ANIMALS IN SCIENCE

Advancements in Research Models

Scientists are on a constant quest for knowledge and often use models to help answer scientific questions.  Biological models, simplified systems used to study biological processes, are used on the premise that the information obtained from them can be applied to other organisms, like humans.  As you know, a number of animal models have been developed over the years in an effort to learn about human disease.  One of the strongest arguments in favor of using animal models has been that universal biological principles span the animal kingdom, which they do.  However, one very important consideration that limits the value of animal models is the differences that distinguish one species from another.  And the differences are vast –ranging from the differences in sequence and expression of DNA, to more gross anatomical and physiological differences. 

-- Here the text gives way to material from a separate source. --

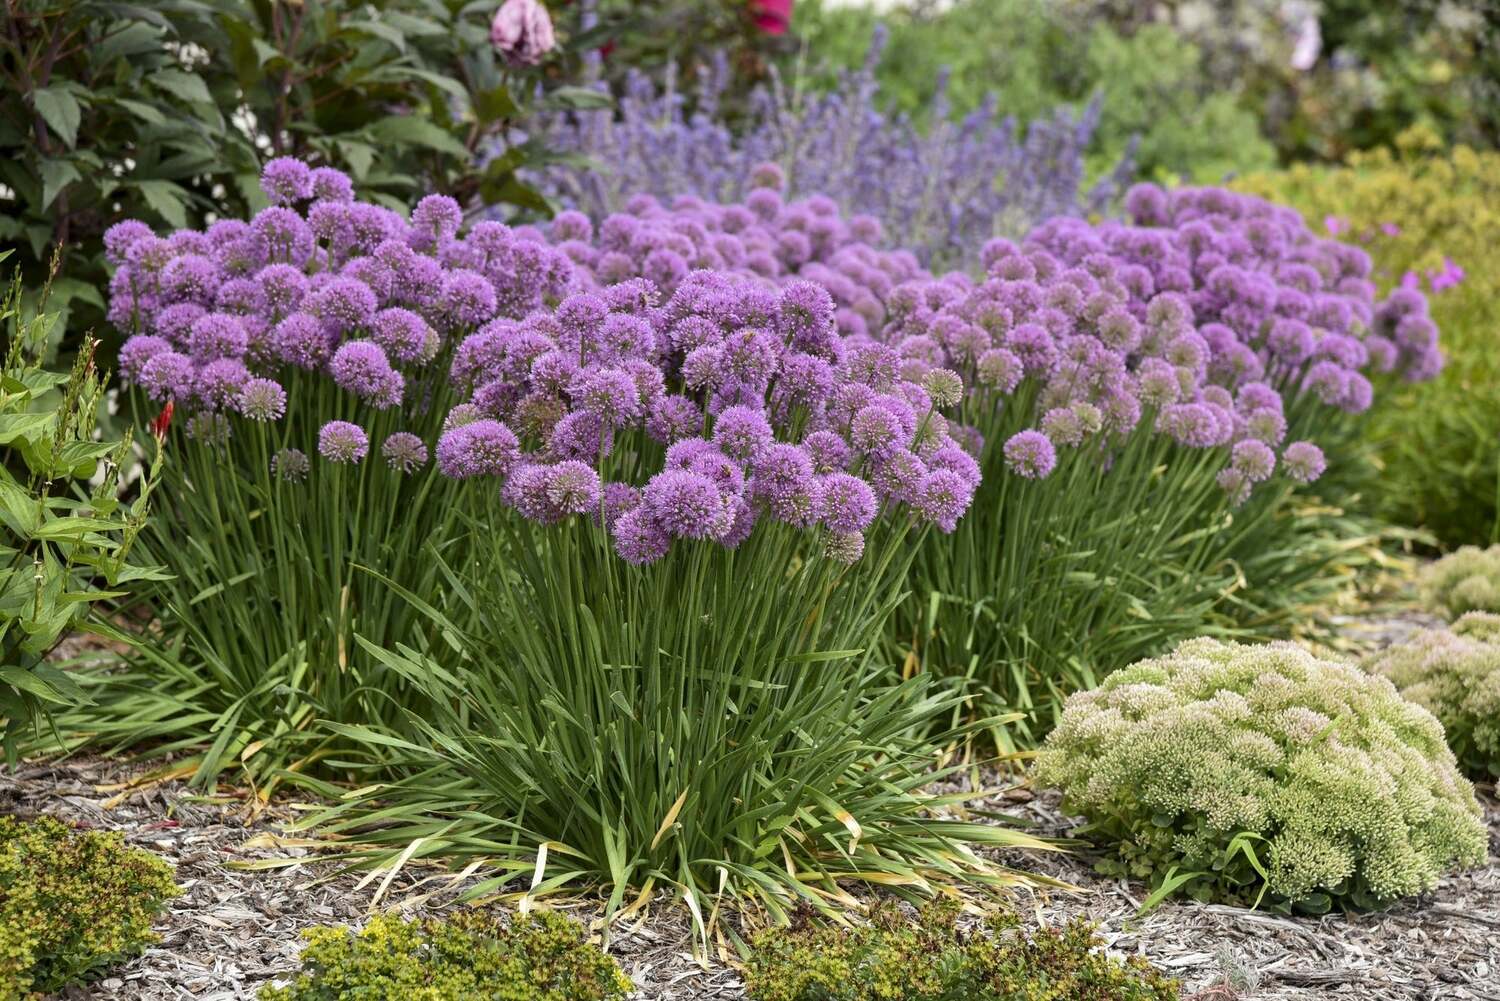 14 Unbelievable Facts About Allium - Facts.net

Time and time again, we see that information learned from animal models has failed to predict what actually happens in people.  And which people would animal models predict for anyway?  As our biological knowledge grows, we have come to appreciate not only the differences that distinguish one species from another, but also the differences between individuals within that species.  Animal models do not address the role that genetic differences between humans play in drug testing or in the study of disease.  While there are limitations with all models, there are inherent issues with animal models, including differences in size and physiology from humans, genetic differences, and variations in biological targets that limit the ability of data collected from an animal model to be translated to people.  Although a long-standing practice, overreliance on costly and time-consuming animal models has failed to provide relevant answers to today’s scientific questions, giving us hope in many treatments that have only failed in clinical trials, and may have led to the abandonment of drugs that could have been effective for some people.

The scientific community has recognized that there is need for improvement and that more reliable and effective models can be developed with more human relevance.  The use of human cells and tissues in combination with sophisticated computer models constructed from human data have greater potential to improve human health and well-being more than animal models ever could.  One of the most prestigious scientists of our time, Dr. Francis Collins, Director of the National Institutes of Health, recently stated that transitioning to models which rely on human tissues and stem cells, combined with improvements in assay validation, may make it “justifiable to skip the animal model assessment of efficacy altogether.”  (Collins 2011)

Although it will continue to be an uphill battle challenging the tradition of the animal model, in addition to the challenges that come with developing alternative methodologies and getting regulatory agencies comfortable with new testing methods, the opportunity to develop more predictive models without harming animals has never been better.  The following section describes some of the latest advancements in research models which hold the promise of being more predictive than animal models because they have more direct relevance to humans from the start. 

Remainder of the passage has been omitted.